++++ EXERCISE DATA

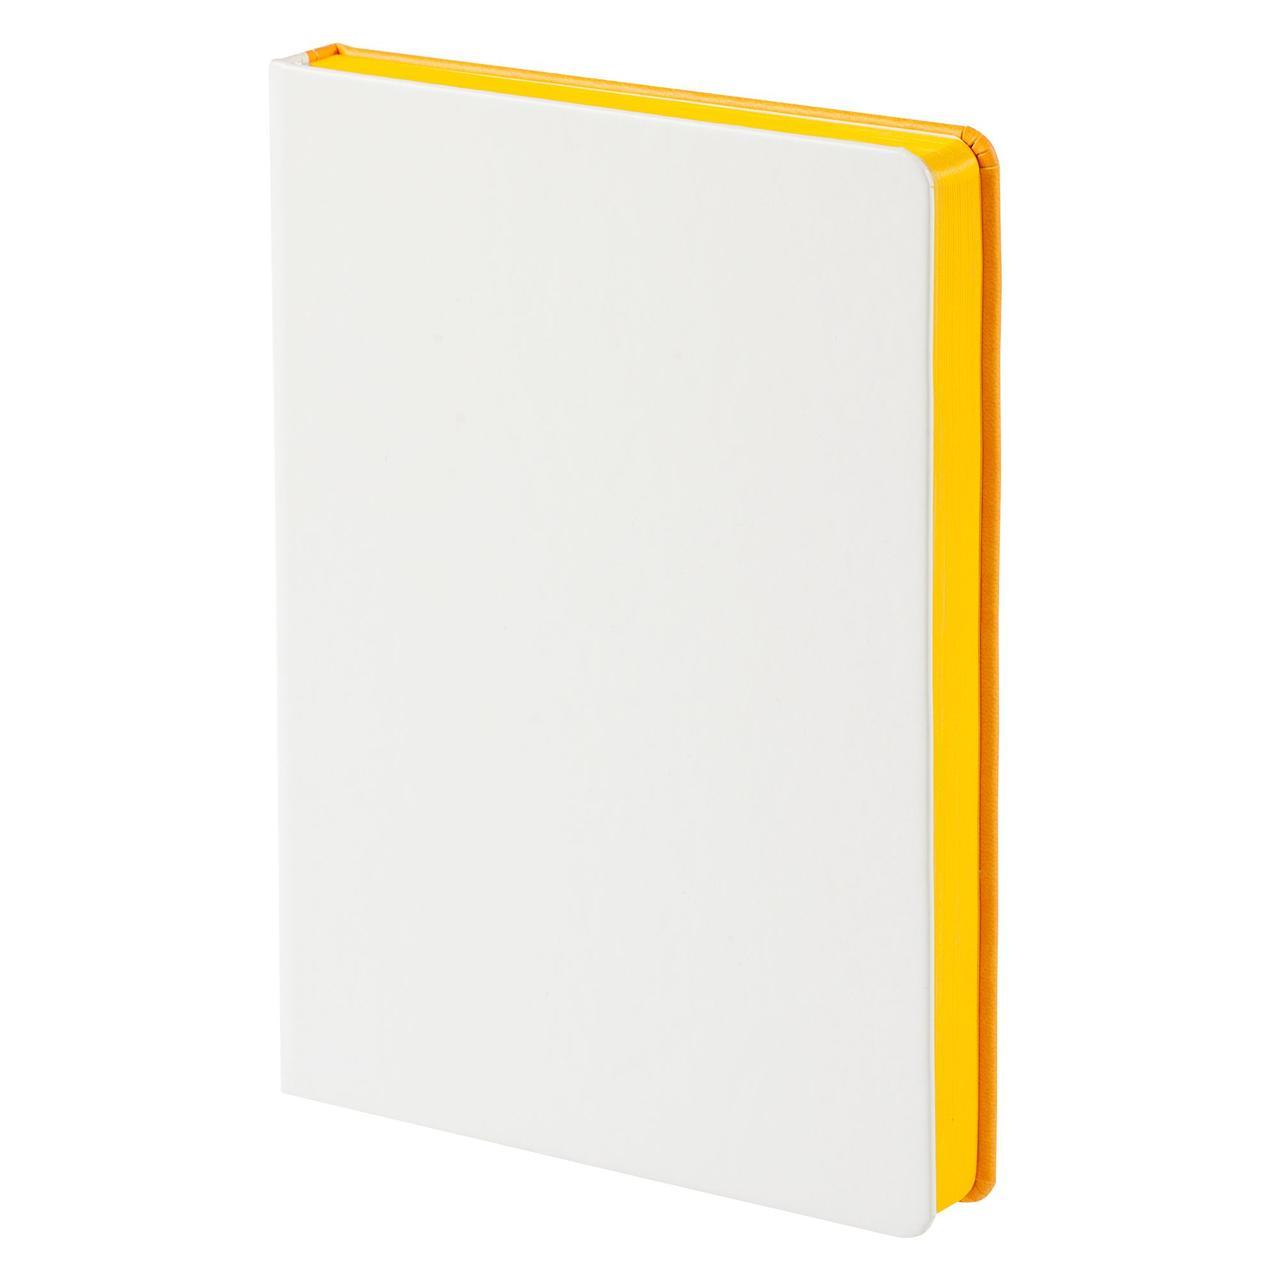 Ежедневник Butterfly, недатированный, белый с желтым (артикул 2804.02)
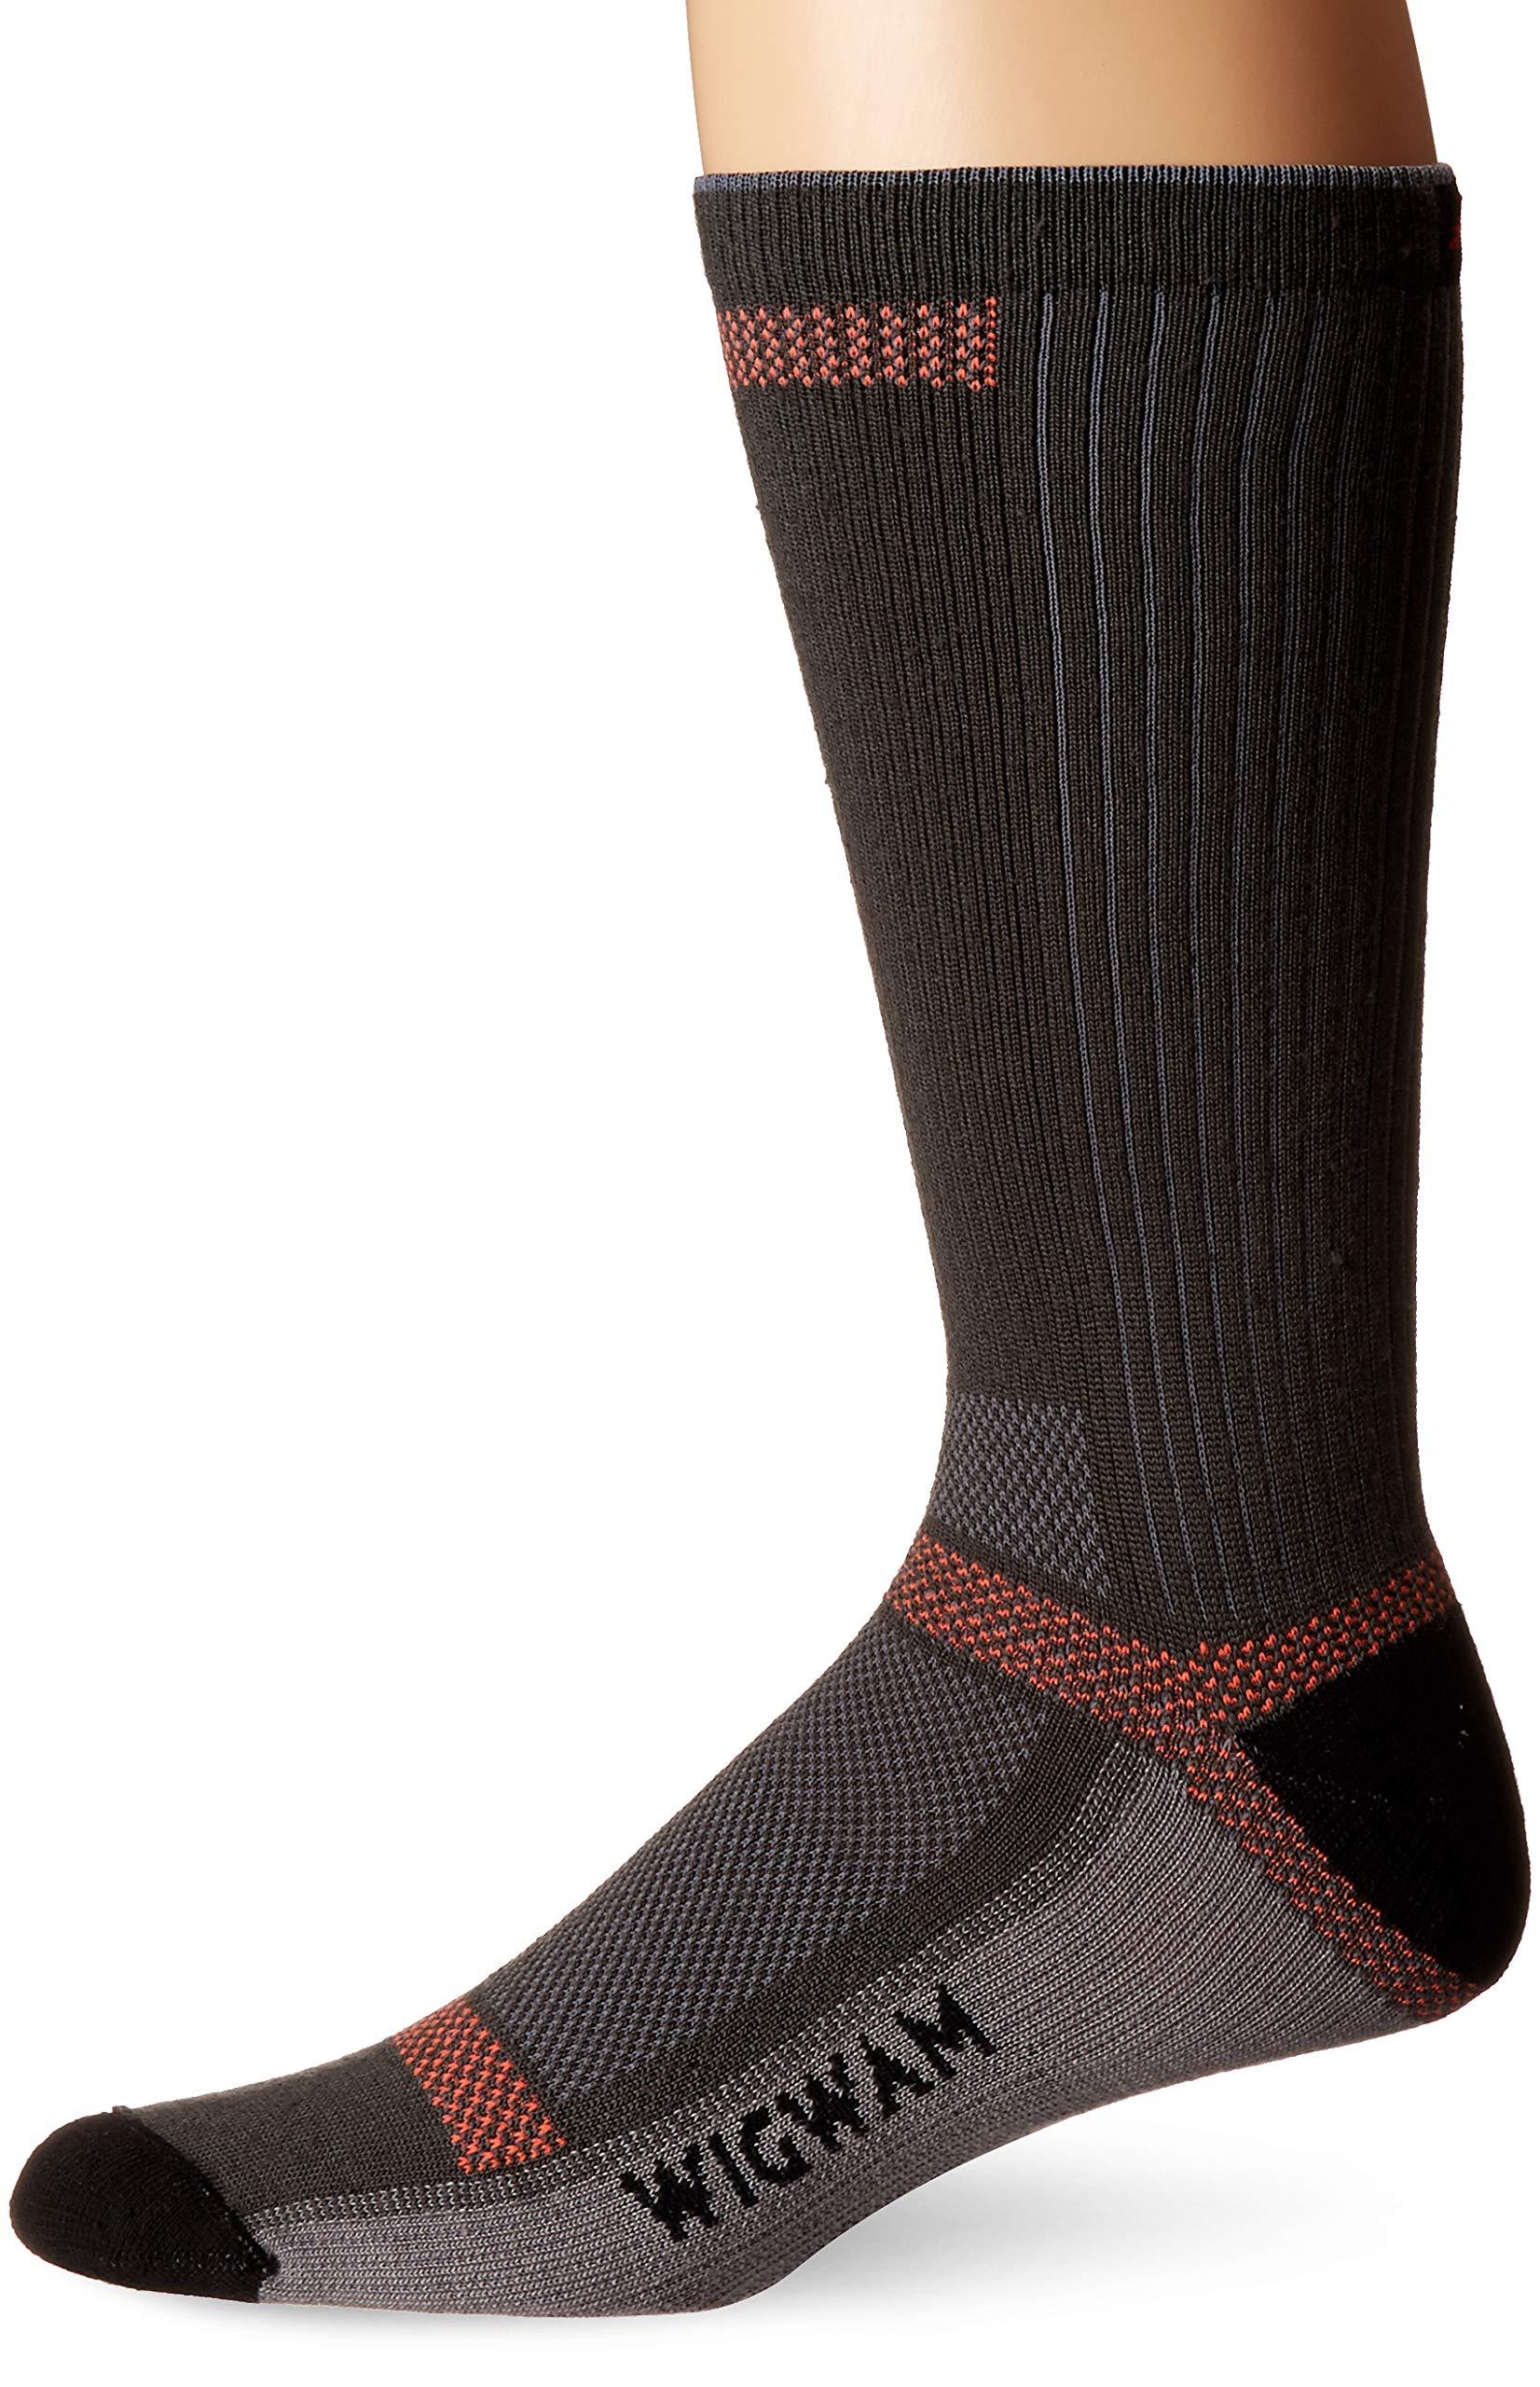 Wigwam Men's Cool-Lite Ultimax Ultra-Lightweight Crew Sock
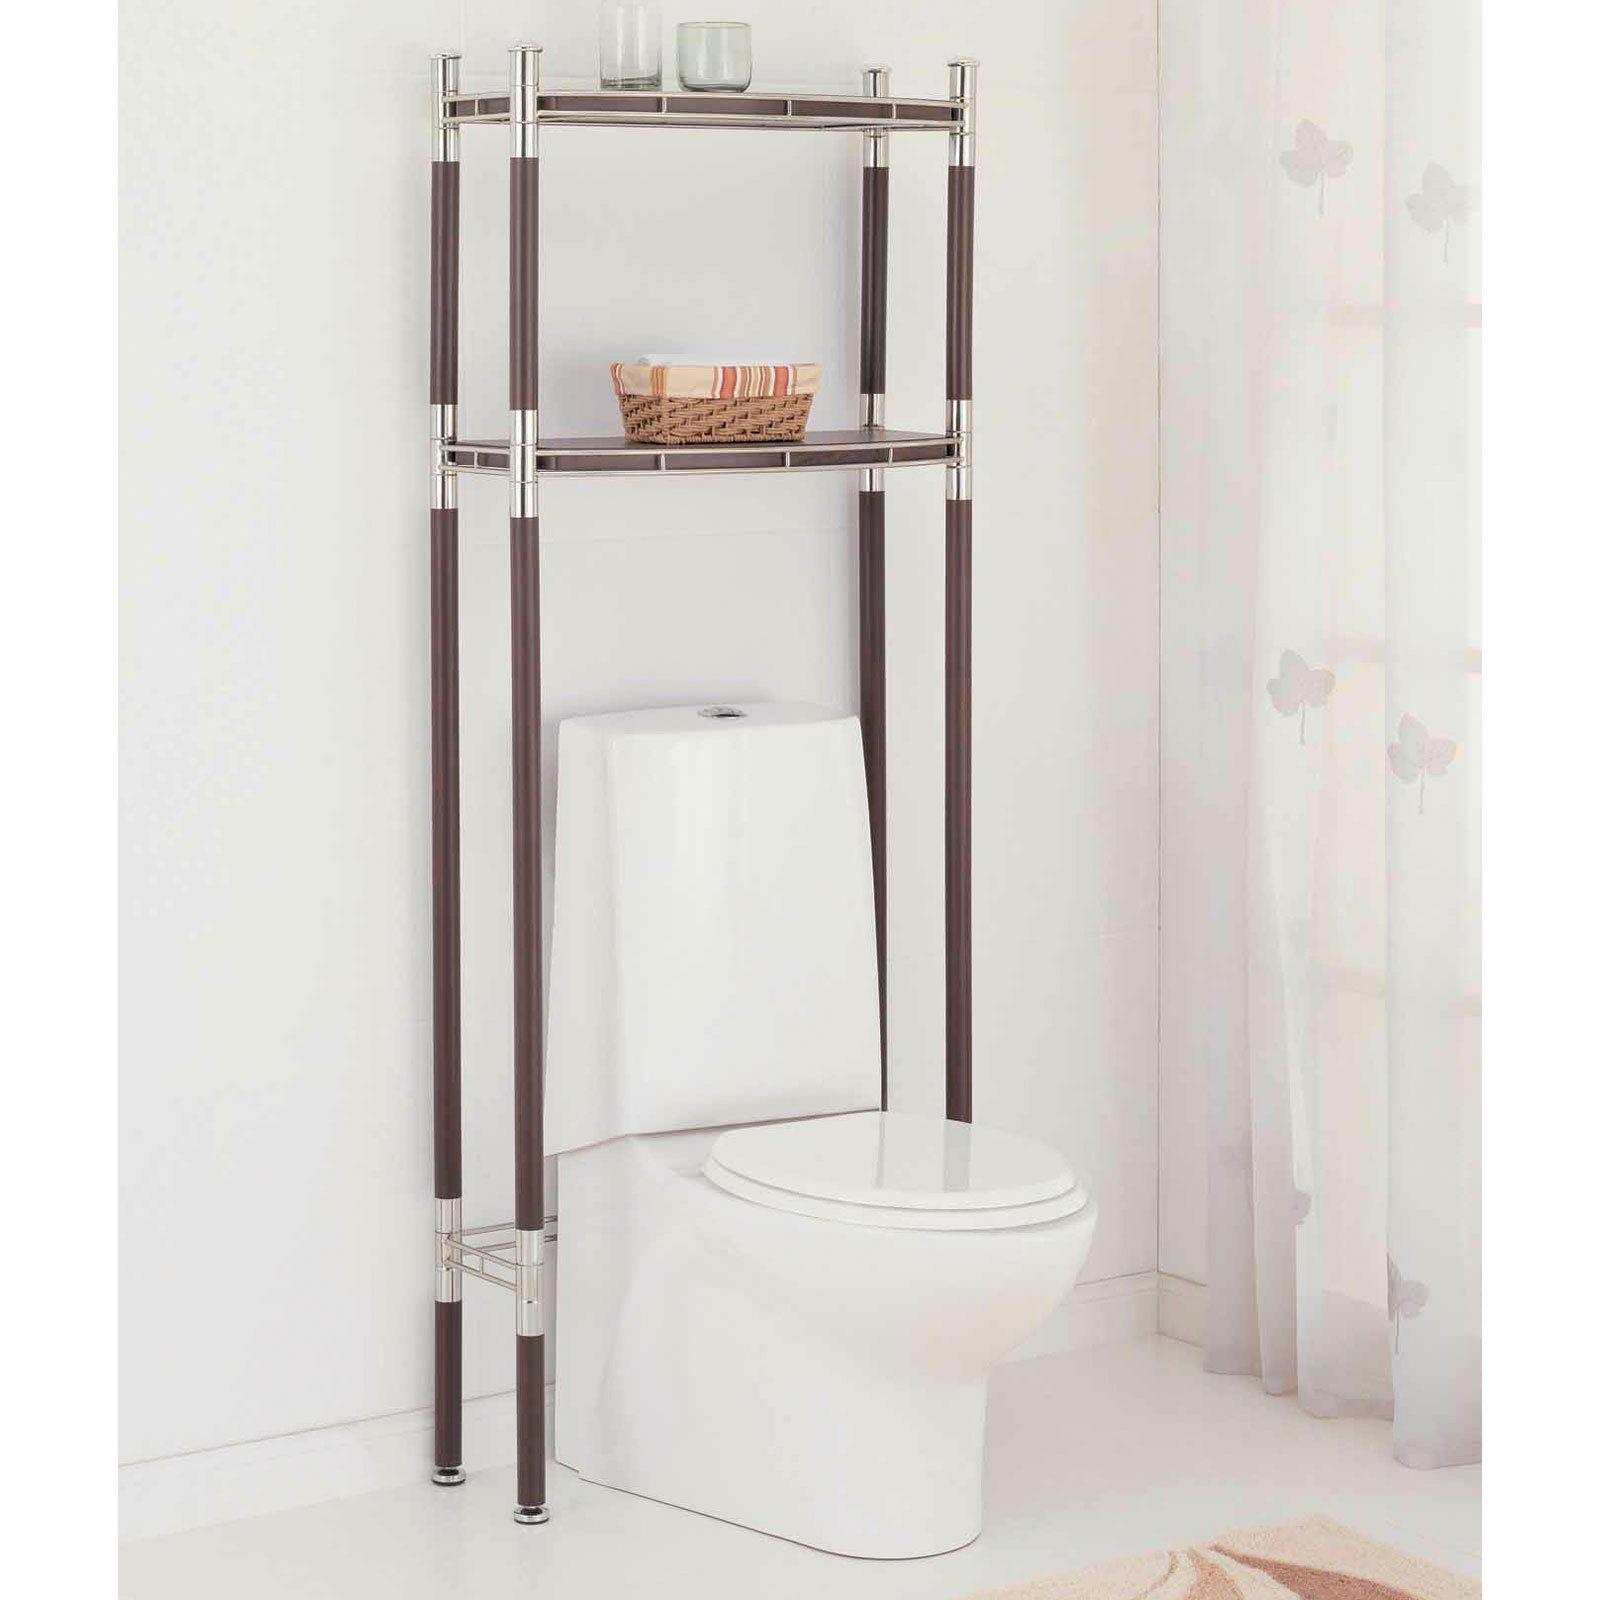 over the toilet storage Baronial Shelf Space Saver | bathroom design ...

++++++++

Print exactly, and only, the lines from the line containing "Wigwam Men's Cool-Lite" to the last line of the material above, with every picture left out.

 Wigwam Men's Cool-Lite Ultimax Ultra-Lightweight Crew Sock
 over the toilet storage Baronial Shelf Space Saver | bathroom design ...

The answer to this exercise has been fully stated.